Tous ces éléments ont permis une perception appropriée des résultats du projet, étant donné que les critères d’interprétation vont plus loin qu’une évaluation centrée uniquement sur les objectifs proposés, en permettant de recevoir des informations qualitatives sur le processus qui vont influencer sur le fait que le projet soit considéré comme un échec ou une réussite. Au cours de cette analyse, nous avons tenté d’ajouter des impacts tels que la modification de comportements, la valorisation de contenus et les initiatives prises par les communautés. Avec le regard tourné vers le futur, le défi est celui de développer des attitudes d’apprentissage qui iront contribuer à la solution des nouveaux problèmes.

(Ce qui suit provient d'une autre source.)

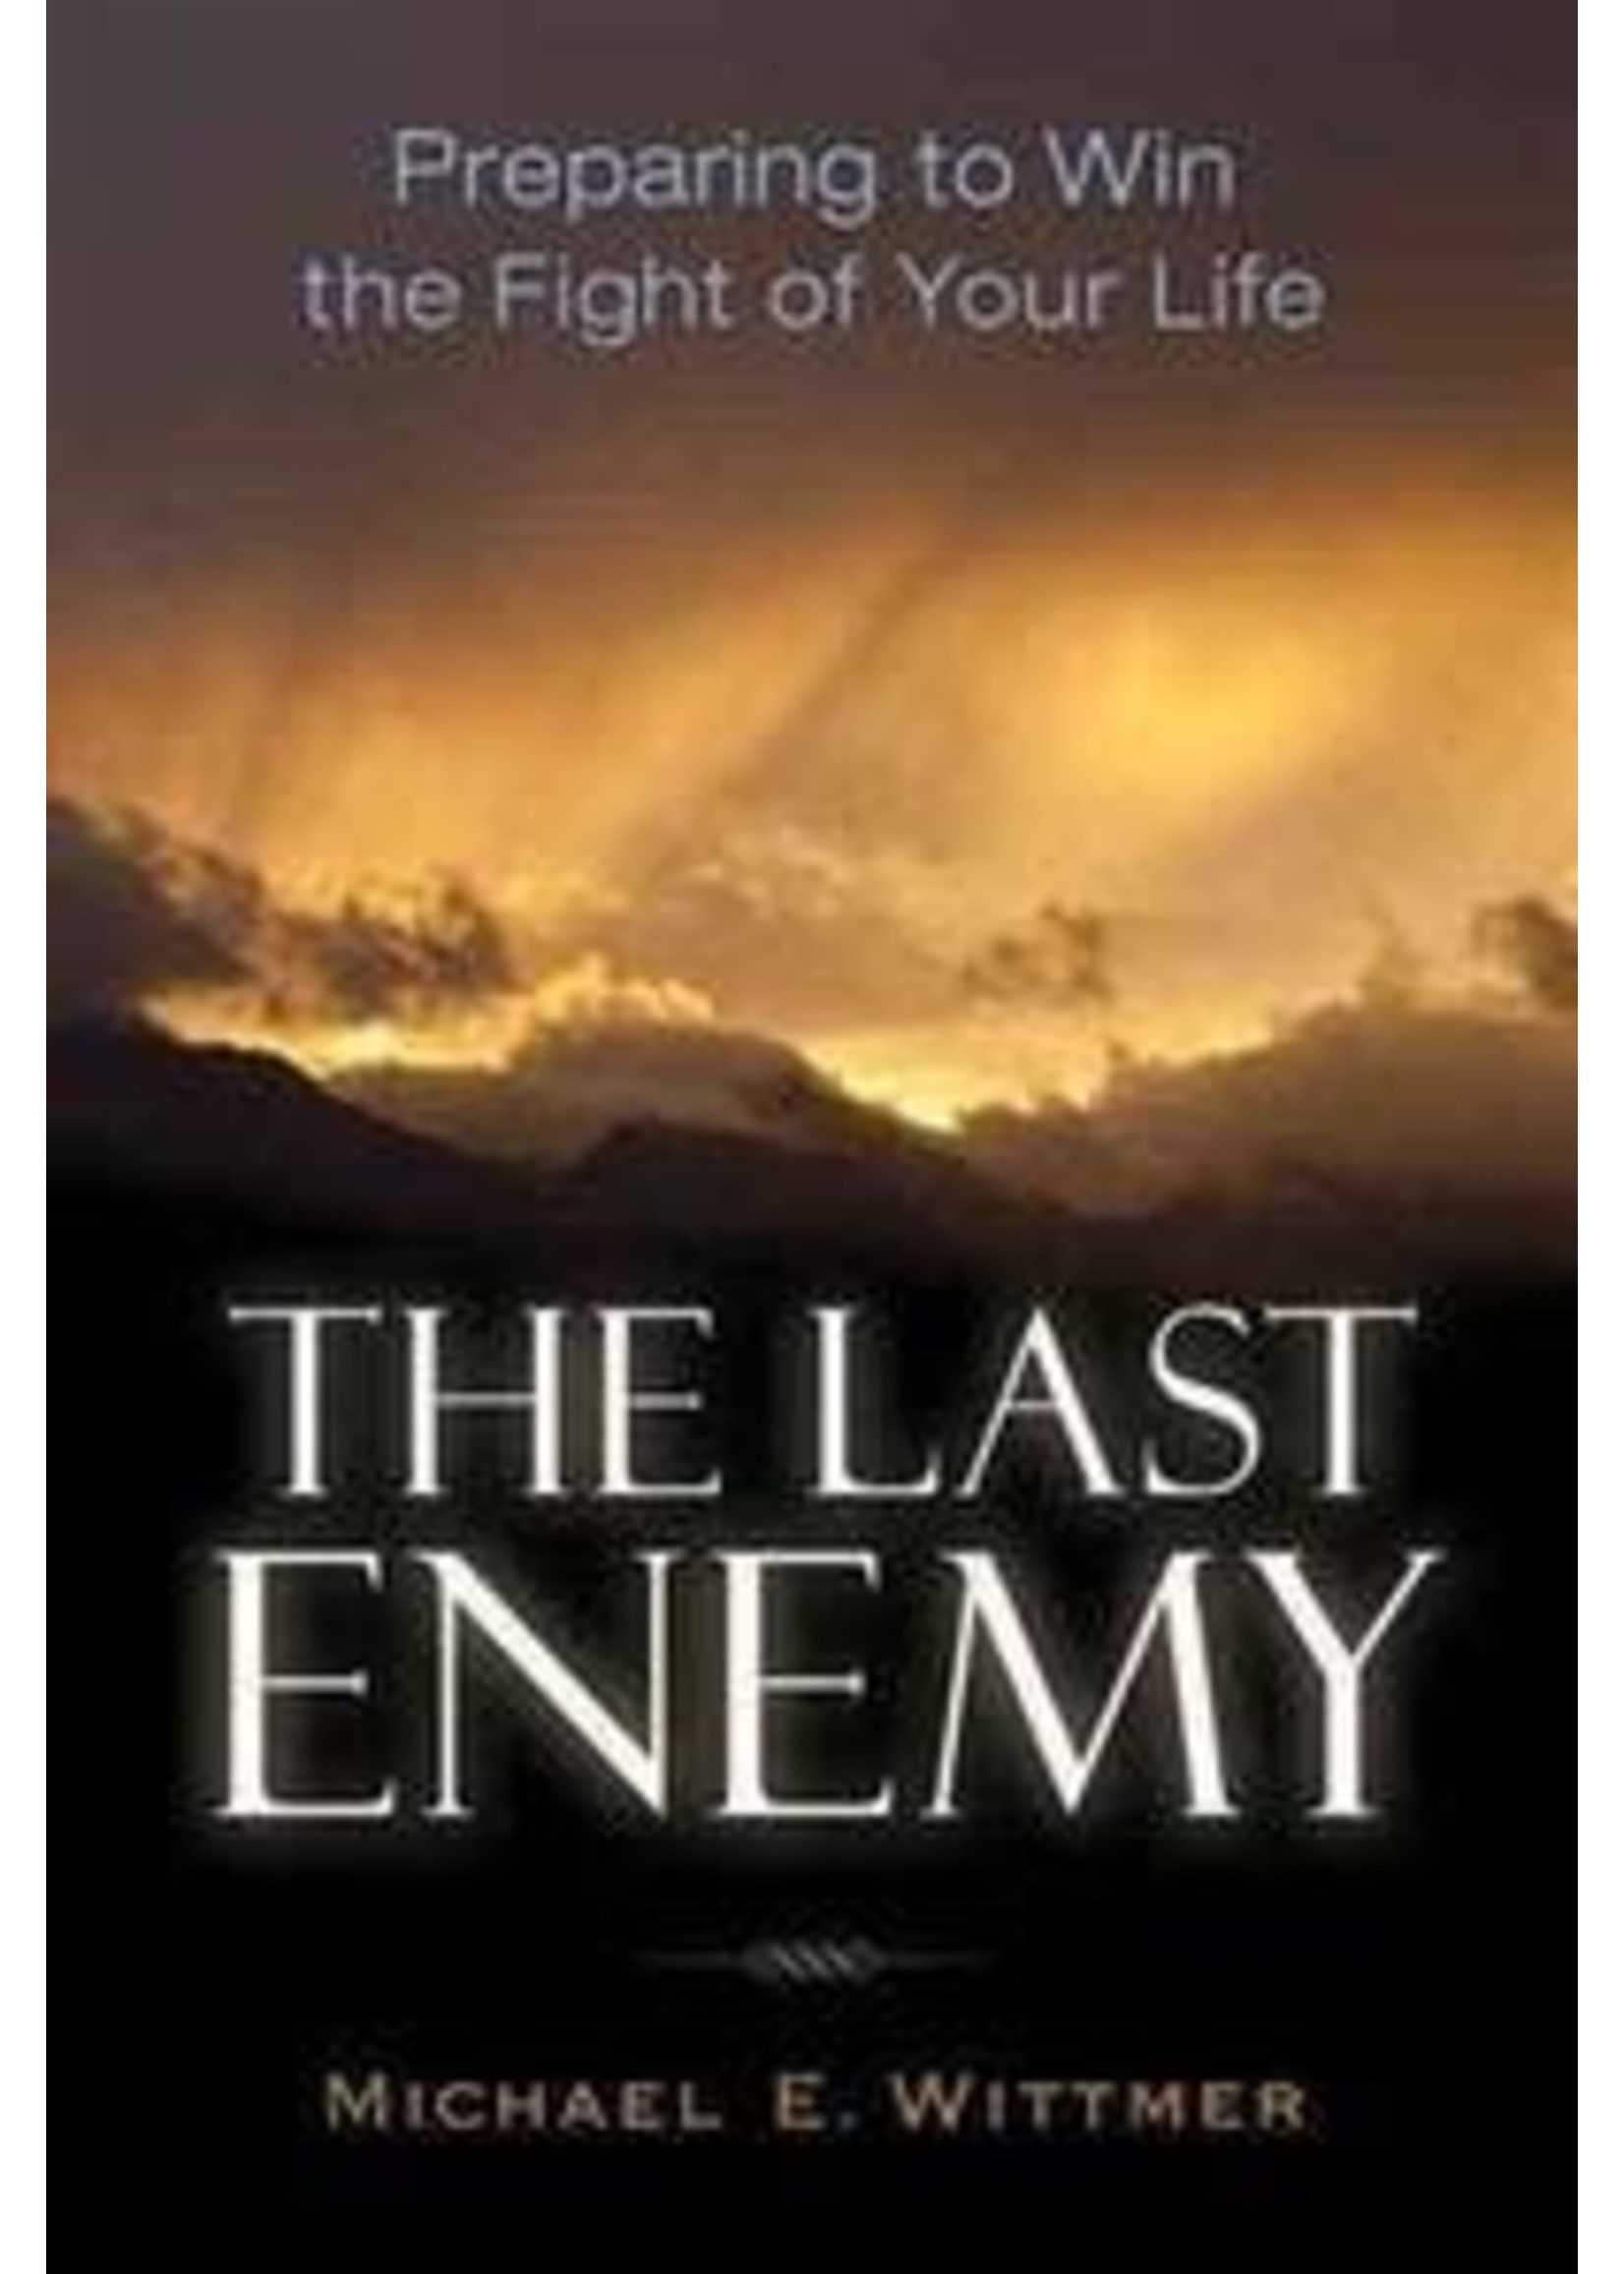 The Last Enemy: Preparing to Win The Fight of Your Life

Les processus d’évaluation font partie de la pratique institutionnelle en étant des éléments forts qui permettent des lectures nouvelles et des changements par rapport au propre agir. Pour cela, la méthodologie d’évaluation utilisée a montré des stratégies de continuité des activités développées et des perspectives d’intervention, telles que la formation de nouveaux leaders communautaires et des jeunes entrepreneurs capables de rompre avec le cercle de la pauvreté et de la misère. Ce résultat a renforcé la pratique institutionnelle en proposant aux jeunes et aux partenaires de nouvelles actions qui peuvent donner une continuité aux activités de formation, telles que la tenue de séminaires, des cours et des publications.
Ainsi, Etapas réaffirme que la participation fait partie de sa manière d’intervenir et que l’évaluation est un principe de base de la relation avec le public concerné par les activités. Et cela parce que nous sommes conscients que la responsabilité des actions et leur évaluation appartiennent non seulement aux gestionnaires des politiques publiques mais aussi aux autres entités représentatives de la société civile, telles que les ONG et les leaders communautaires (W.B.).